Gomez answered back, telling police to evacuate the school or she won't leave her spot, "immediately they start evacuating that classroom and my son runs out to me and he's like, "mom, mom!""

"I just remember when my son saw my other son, one hugged the other one and said 'I'm so glad you're okay', and the other one said, 'I was so worried you weren't,'" she recalled.

Gomez became an American hero that day but to the cops in Uvalde, she's an bothersome reminder of their gross incompetence. Since her heroism exposed their inaction, Gomez says she's been constantly harassed — even at her own home.

Gomez told FOX 29 that "the other night we were exercising and we had a cop parked at the corner like, flickering us with his headlights."

She told reporters that she has since had to separate from her boys, "just so my sons don't feel like they have to watch cops passing by, stopping, parking."

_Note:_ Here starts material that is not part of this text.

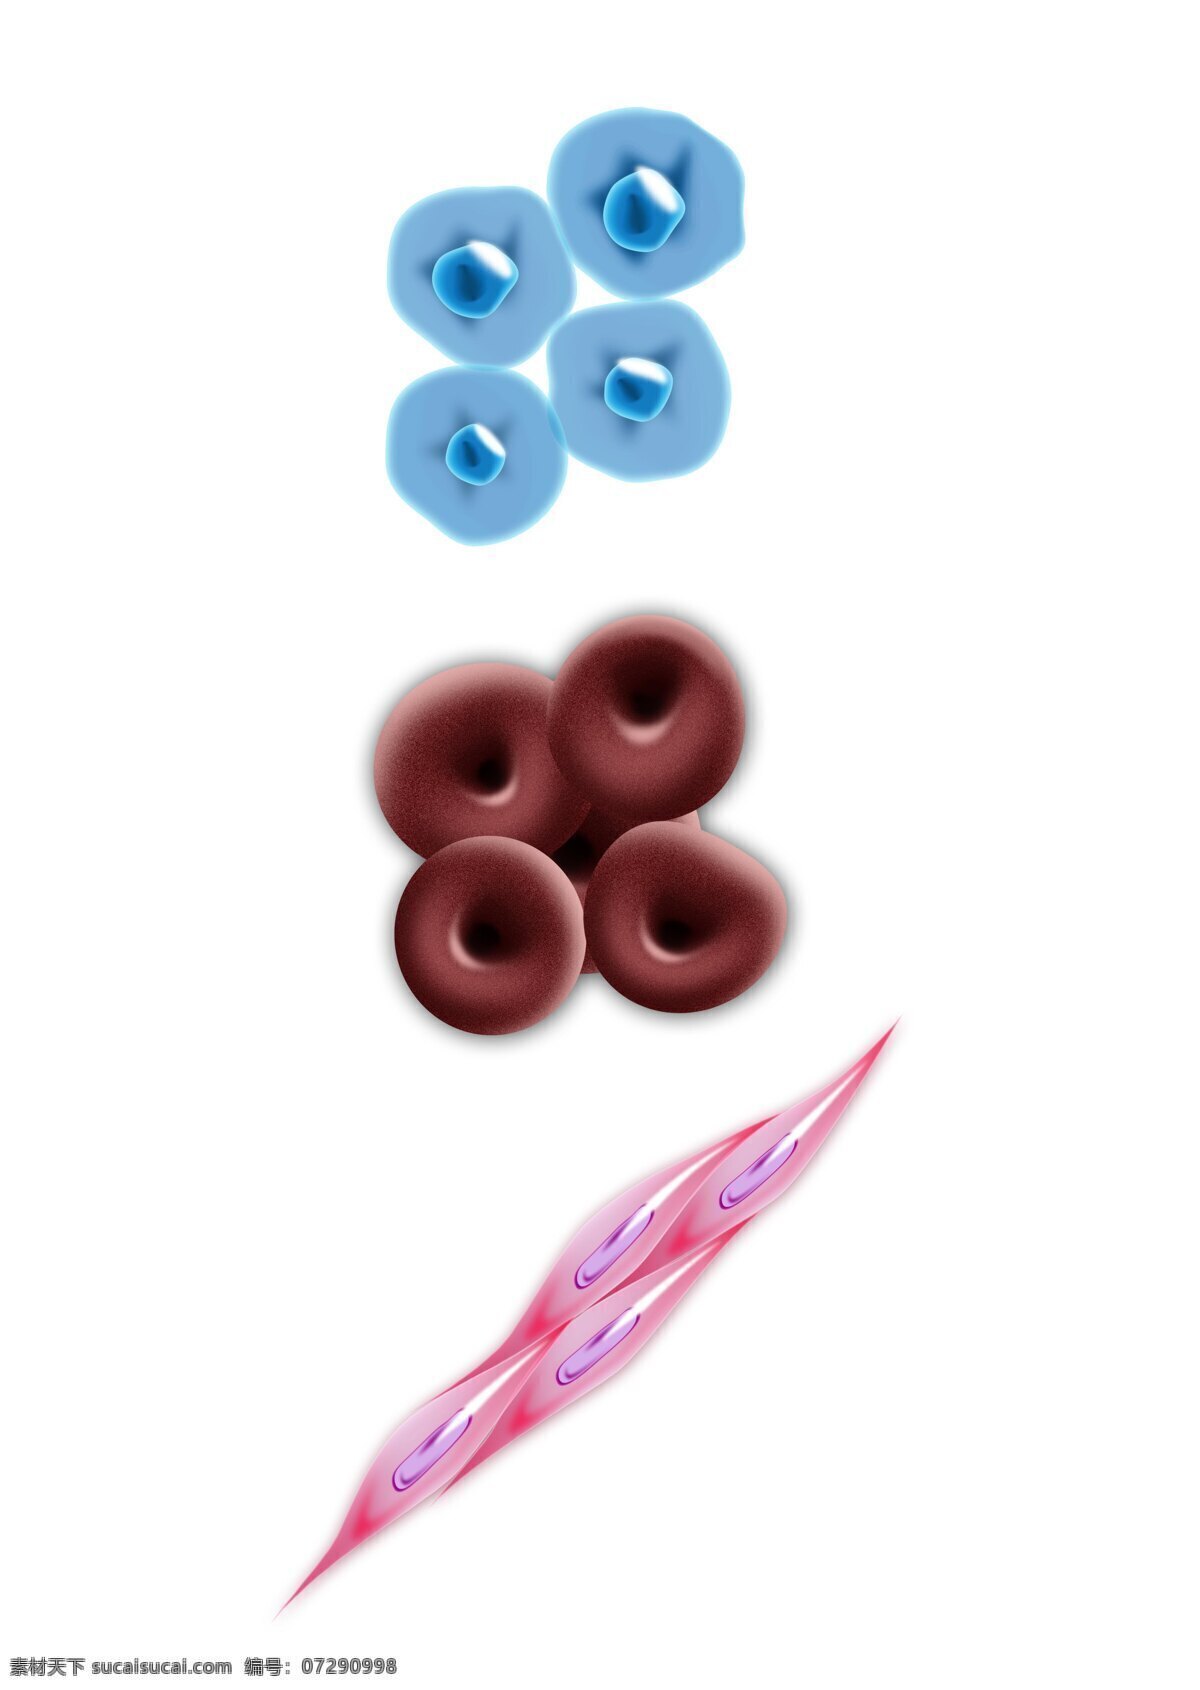 款 半 写实 细胞 分层 图 随意 编辑 生物 表皮 医生 显微镜 人体 血液 肌肉细胞 红细胞 血细胞 治疗 生活百科 医疗保健

Gomez says she now intends on filing a lawsuit against the department. Her lawyer, Mark Di Carlo told FOX 29 that Uvalde chief Pete Arredondo needs to be immediately fired, noting , "the fact that he wasn't fired immediately based upon whatever it is, hours of video, from testimonies such as Angeli's; is an indication that there is some sort of what, corruption or wrong-doing."

Indeed, as we reported last week, many Texans feel the same way and the lack of transparency in this case has many of them alleging that a cover-up is taking place.